The person who cannot handle someone else's intensity, which is especially irrational if they themselves are intense but in an emotionalistic way, likely prioritizes their own subjective self-esteem or peace over the truth, and of course he or she deserves no respite from the very torment of that ferocity or potency. How could they? They reject reality or are not satisfied with it enough to submit to it. What else could they have to stand on in order to deserve accommodation other than reality? Their hypocrisy is immense.
Since reality does not depend on the preferences of those who object to intensity, they are the ones who need to change their hearts, remain silent, or at least never tell anyone to stop being intense out of emotional offense--or as much as believe this is the case in the privacy of their thoughts. Anyone else is free to do as they please as long as they believe nothing irrational and violate no moral obligation. Conscience and social norms do not make anything right or wrong, ferocity included.

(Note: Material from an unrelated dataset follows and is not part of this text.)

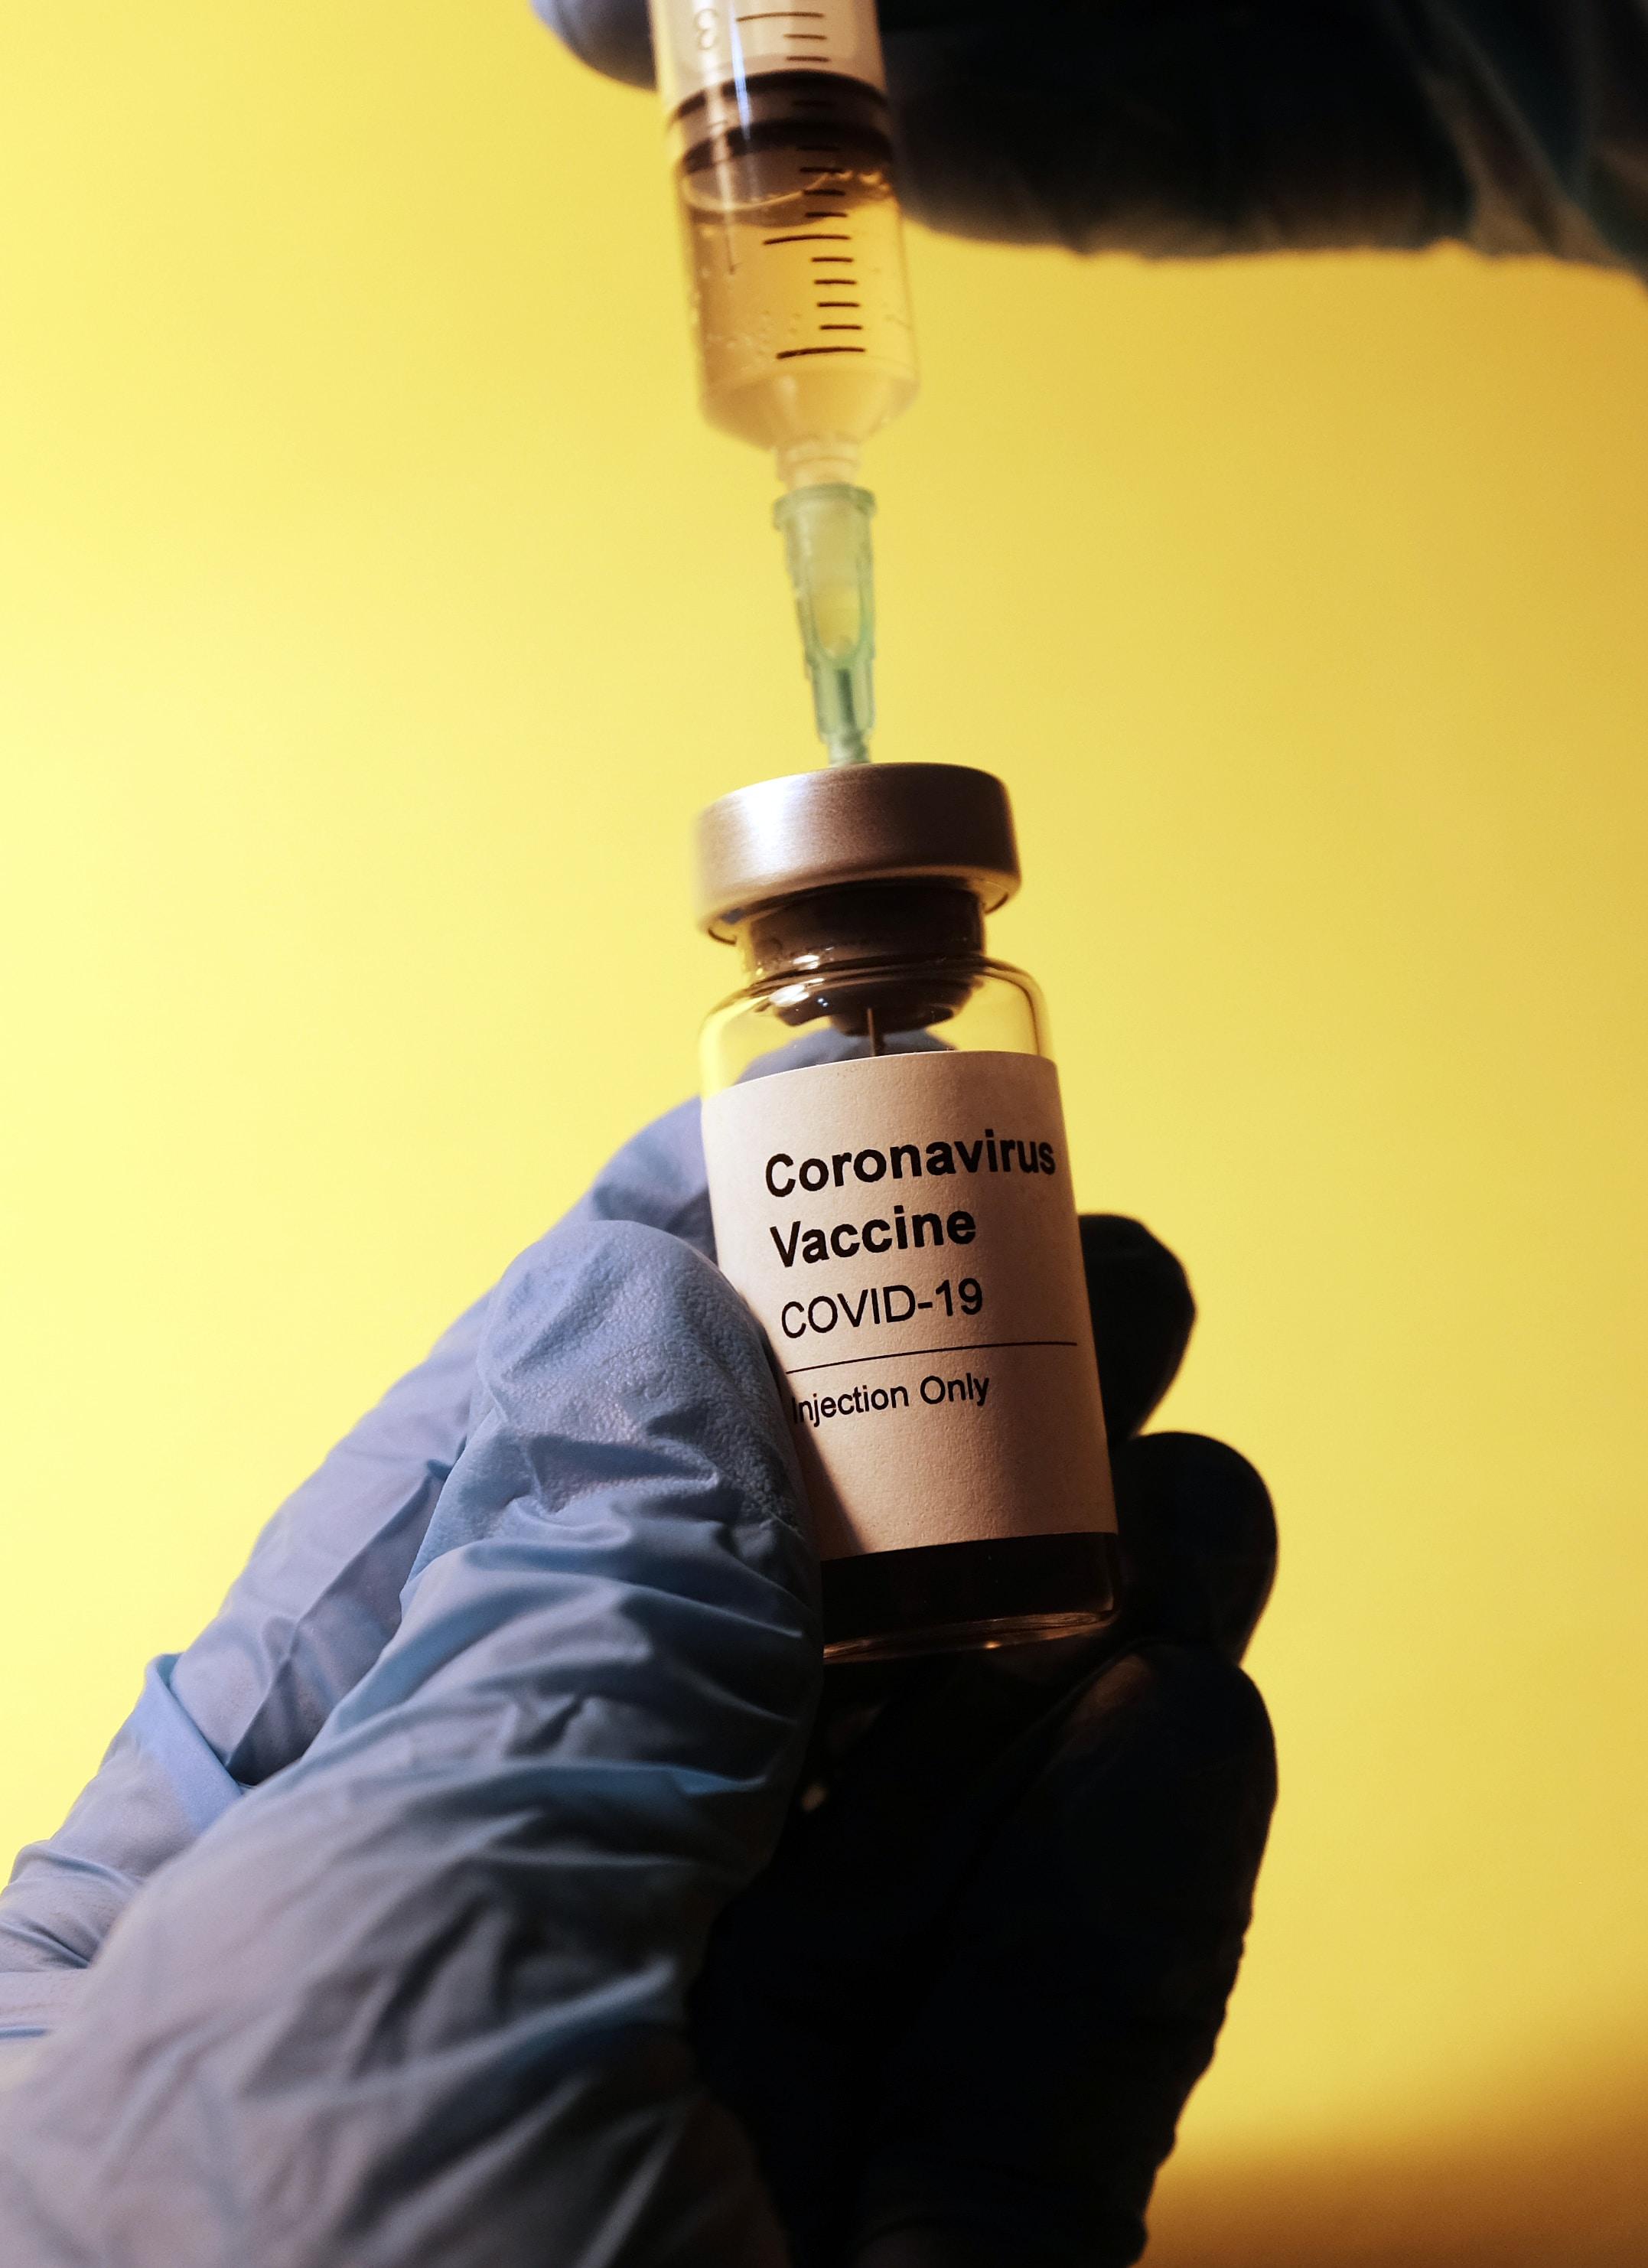 Covid-19: Uma em cada quatro vacinas compradas por Portugal foram revendidas ou doadas

Someone rationalistic who has an extreme intensity of personality cannot be in error because another person is bothered by them.
Should they wish to relent, a fiery or even sadistic (if they control this correctly) rationalist is not necessarily wrong. It is just that they are not intellectually or morally problematic just because they have intense personalities. They are not making assumptions. They are not slaves to emotions. They do not yield from the truth to social pressures. Rationalists are the superior individuals, if anything. Anyone else is either in the wrong or at best to some extent at the mercy of those who do not share their preferences.